• PROBLEM DESCRIPTION
Show every line in the entries below where the word "Schuhe" appears.

• AVAILABLE DATA
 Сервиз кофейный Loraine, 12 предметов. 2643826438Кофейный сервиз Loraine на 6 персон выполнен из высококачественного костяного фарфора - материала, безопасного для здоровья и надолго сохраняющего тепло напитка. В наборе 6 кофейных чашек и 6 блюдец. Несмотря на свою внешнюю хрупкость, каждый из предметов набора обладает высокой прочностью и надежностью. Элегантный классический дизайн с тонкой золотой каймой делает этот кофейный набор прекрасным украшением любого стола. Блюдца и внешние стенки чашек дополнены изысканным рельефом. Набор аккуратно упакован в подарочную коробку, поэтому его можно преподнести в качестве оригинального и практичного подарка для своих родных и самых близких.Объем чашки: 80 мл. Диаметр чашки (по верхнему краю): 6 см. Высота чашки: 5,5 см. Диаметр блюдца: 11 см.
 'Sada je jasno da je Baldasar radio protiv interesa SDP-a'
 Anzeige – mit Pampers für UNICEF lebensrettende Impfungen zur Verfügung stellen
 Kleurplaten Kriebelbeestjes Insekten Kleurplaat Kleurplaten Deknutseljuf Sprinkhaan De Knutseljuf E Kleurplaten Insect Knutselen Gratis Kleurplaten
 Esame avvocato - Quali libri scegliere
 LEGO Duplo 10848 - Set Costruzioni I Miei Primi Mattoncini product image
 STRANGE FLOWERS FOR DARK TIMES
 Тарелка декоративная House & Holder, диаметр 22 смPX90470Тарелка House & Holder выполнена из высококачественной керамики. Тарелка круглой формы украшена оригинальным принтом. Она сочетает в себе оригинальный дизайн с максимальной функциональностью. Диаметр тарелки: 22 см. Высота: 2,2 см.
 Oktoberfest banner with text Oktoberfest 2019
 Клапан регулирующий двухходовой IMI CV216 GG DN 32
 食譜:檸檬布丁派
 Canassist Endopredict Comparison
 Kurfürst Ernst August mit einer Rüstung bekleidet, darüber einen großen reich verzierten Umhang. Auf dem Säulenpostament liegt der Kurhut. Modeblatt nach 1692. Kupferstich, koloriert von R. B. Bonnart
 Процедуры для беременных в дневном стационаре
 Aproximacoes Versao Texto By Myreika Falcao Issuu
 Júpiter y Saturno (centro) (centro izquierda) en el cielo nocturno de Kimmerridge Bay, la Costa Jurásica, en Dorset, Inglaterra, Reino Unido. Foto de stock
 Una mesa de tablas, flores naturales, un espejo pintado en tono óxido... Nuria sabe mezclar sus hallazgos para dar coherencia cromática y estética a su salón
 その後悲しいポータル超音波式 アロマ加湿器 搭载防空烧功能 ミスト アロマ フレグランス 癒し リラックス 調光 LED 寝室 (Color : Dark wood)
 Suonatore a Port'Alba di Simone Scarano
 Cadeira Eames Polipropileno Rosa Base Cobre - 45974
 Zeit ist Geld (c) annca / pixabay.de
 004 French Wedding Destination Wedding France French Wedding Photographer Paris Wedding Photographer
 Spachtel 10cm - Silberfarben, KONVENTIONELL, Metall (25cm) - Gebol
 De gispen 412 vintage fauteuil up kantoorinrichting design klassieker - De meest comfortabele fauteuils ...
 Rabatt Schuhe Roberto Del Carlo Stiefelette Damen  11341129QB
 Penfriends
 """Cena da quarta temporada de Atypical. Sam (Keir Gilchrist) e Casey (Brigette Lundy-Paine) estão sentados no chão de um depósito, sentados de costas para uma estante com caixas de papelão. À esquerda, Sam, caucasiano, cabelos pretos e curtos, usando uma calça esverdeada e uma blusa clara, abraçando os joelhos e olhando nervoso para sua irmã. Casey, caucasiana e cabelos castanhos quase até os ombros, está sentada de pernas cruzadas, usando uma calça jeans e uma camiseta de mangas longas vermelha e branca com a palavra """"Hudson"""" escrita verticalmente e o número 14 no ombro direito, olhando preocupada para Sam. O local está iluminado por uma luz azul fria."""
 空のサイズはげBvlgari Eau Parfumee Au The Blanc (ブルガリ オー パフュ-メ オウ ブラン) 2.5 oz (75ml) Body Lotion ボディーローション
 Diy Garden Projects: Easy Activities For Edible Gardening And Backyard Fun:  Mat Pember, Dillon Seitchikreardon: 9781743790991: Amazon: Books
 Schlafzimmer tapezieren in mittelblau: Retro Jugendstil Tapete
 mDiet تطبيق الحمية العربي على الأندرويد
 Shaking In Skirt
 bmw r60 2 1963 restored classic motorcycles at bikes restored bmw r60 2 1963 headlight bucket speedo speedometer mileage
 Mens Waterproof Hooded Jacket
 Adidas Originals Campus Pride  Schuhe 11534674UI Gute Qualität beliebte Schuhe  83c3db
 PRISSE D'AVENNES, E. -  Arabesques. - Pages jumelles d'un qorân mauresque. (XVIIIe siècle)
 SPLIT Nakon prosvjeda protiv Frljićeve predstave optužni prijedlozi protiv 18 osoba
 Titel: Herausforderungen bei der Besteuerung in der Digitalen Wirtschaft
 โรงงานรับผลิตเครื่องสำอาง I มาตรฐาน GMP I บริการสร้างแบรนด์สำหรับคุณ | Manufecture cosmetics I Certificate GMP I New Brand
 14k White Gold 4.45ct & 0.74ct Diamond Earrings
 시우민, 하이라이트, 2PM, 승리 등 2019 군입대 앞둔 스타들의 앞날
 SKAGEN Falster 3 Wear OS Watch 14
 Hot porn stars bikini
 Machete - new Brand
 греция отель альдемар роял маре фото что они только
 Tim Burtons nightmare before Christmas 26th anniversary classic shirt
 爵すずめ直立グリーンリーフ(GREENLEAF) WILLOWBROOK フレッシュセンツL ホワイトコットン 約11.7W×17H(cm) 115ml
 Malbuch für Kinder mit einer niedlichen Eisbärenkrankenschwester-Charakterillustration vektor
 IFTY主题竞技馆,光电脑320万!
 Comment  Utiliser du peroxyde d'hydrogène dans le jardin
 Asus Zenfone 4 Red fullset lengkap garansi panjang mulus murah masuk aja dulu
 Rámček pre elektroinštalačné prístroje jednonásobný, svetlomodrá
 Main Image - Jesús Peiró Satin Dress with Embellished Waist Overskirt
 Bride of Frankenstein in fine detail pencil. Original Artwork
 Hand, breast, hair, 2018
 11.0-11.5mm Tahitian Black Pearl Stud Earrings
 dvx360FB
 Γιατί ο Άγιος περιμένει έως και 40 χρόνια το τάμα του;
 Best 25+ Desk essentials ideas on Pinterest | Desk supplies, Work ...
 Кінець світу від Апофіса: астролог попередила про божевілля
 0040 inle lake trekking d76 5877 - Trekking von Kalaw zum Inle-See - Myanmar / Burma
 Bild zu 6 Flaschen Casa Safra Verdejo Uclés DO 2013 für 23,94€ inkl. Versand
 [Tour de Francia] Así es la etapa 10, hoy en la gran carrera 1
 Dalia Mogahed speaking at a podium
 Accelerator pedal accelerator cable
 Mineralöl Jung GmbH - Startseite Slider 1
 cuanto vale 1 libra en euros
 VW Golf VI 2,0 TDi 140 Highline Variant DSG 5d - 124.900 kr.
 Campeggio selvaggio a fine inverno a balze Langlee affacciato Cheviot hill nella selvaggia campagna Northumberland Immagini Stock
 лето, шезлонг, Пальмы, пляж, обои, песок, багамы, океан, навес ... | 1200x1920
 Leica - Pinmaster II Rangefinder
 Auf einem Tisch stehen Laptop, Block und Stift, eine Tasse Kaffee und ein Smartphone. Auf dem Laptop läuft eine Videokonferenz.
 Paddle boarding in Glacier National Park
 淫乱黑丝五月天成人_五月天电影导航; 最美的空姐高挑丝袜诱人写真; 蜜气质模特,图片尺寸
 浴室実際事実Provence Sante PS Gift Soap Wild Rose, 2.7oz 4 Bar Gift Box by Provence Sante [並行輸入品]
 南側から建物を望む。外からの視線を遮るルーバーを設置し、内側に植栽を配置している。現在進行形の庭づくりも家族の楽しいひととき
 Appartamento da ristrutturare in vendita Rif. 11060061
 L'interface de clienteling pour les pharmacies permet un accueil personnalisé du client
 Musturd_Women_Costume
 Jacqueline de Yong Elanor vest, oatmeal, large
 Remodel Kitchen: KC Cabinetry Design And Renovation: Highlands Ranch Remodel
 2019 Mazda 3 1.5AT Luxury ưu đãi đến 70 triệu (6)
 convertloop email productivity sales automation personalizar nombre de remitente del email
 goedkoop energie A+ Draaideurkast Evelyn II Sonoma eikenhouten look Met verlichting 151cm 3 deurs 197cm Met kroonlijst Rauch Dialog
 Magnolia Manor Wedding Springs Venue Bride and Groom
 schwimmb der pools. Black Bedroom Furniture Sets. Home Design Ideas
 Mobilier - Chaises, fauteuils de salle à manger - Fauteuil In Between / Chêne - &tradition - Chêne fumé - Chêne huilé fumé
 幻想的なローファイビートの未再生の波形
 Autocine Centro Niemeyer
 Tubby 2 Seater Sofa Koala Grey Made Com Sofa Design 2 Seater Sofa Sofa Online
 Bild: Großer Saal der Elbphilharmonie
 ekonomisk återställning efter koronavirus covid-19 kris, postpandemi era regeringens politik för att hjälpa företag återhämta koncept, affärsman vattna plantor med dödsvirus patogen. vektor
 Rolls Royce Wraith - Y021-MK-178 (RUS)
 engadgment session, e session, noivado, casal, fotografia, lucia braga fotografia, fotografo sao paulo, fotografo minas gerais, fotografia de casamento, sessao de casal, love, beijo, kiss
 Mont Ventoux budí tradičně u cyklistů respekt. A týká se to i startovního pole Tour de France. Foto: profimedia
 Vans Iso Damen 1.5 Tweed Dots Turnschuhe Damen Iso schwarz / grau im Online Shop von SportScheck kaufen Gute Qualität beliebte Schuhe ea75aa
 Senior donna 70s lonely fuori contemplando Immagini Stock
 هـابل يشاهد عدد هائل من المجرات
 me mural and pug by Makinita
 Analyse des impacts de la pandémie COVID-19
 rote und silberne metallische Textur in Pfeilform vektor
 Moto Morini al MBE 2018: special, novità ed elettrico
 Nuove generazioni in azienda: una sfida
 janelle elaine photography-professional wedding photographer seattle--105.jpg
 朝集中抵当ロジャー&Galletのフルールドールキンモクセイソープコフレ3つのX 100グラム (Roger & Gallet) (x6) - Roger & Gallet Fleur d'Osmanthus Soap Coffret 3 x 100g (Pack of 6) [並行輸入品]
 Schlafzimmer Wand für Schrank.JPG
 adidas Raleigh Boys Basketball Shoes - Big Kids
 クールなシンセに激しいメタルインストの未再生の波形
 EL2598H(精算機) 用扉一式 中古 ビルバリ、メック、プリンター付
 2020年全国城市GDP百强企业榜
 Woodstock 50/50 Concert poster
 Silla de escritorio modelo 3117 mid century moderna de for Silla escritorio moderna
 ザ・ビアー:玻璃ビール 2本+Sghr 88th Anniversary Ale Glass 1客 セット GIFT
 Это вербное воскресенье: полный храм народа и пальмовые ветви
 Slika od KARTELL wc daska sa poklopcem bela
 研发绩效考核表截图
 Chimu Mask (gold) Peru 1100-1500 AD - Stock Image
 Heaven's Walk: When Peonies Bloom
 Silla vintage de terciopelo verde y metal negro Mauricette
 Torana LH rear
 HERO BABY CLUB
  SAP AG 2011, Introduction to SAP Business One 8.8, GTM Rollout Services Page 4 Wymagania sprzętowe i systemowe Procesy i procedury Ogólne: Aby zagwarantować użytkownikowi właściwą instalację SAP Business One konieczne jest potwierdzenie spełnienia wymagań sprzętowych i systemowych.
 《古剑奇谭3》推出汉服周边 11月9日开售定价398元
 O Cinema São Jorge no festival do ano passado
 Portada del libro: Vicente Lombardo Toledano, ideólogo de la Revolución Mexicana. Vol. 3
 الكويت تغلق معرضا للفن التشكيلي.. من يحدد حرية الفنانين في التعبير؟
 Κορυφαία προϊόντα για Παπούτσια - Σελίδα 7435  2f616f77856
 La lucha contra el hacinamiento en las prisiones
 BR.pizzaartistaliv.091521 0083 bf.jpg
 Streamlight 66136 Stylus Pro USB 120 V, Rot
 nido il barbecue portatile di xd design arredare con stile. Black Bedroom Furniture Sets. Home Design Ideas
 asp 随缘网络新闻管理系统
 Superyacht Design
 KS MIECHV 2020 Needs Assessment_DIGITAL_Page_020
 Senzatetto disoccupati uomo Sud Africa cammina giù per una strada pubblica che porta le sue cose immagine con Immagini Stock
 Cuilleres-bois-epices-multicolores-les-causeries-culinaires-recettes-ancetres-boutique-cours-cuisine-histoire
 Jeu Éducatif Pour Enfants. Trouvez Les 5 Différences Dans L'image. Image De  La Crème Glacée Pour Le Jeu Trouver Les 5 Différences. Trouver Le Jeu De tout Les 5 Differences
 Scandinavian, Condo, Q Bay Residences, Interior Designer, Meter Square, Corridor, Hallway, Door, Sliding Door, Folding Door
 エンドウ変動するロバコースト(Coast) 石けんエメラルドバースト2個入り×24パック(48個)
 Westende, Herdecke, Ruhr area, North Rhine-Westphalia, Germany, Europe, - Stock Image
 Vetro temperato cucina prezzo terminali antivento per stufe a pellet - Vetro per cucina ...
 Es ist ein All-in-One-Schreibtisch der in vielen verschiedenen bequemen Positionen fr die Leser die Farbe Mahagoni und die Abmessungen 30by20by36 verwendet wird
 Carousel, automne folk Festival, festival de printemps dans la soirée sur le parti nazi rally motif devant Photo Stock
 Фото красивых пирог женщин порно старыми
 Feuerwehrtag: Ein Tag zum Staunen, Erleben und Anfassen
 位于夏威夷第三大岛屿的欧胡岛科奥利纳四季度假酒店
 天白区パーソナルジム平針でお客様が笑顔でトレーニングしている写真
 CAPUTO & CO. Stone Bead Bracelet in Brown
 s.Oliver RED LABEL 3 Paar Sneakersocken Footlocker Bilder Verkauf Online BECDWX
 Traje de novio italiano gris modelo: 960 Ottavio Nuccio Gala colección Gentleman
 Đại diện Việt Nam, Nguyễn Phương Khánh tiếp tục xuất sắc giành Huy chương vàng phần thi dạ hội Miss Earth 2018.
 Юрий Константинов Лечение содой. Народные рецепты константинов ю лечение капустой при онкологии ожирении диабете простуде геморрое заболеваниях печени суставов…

• EXPECTED OUTPUT
 Rabatt Schuhe Roberto Del Carlo Stiefelette Damen  11341129QB
 Adidas Originals Campus Pride  Schuhe 11534674UI Gute Qualität beliebte Schuhe  83c3db
 Vans Iso Damen 1.5 Tweed Dots Turnschuhe Damen Iso schwarz / grau im Online Shop von SportScheck kaufen Gute Qualität beliebte Schuhe ea75aa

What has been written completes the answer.